# Stuck at bootstrap with FreeBSD 10.0 on DL380 G5



## boris_net (Mar 21, 2014)

Hi all,

I was wondering if anybody would have any idea how to troubleshoot an issue I get while trying to install FreeBSD 10.0 on a DL380 G5.

The server can boot while using ESXi 5.1 and does not crash or anything like that however I wanted native FreeBSD instead to use as a backup server for my primary server which does router/fw/nat/squid/jails/etc...

The DL380 G5 is a dual Xeon 5140 with 8GB of RAM, updated to the latest HP BIOS available.
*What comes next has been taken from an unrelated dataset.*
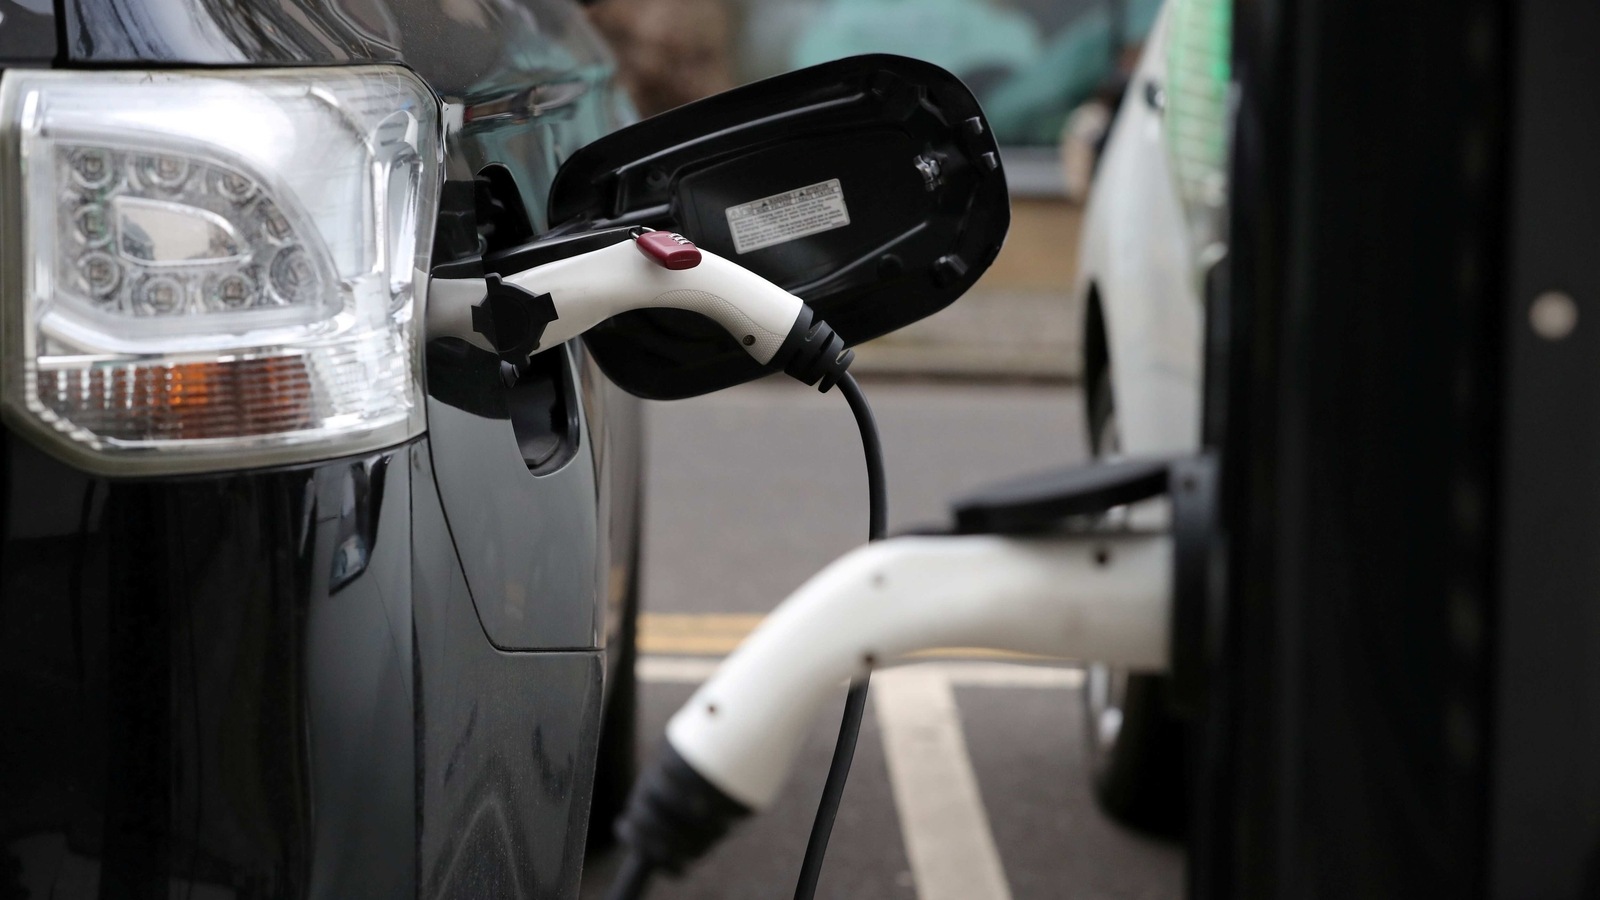 Plan to adopt 100 EV vehicles for service fleets by 2030 Latest News

It has a Smart Array P400 controller and disks are configured as 2 logical drives.
Boot is done from the internal DVD drive.
I tried disabling USB Legacy and still experience the same thing (note: I still need USB long term).

The DVD boots and then is stuck right after the line showing the bootstrap header with a '\' and does not progress anymore.
My USB keyboard has all 3 LED on (num lock etc...) and becomes non responsive, CTRL-ALT-DEL has not effect.

I looked on the forum on noticed people seem to have been successful at running FreeBSD on such hardware.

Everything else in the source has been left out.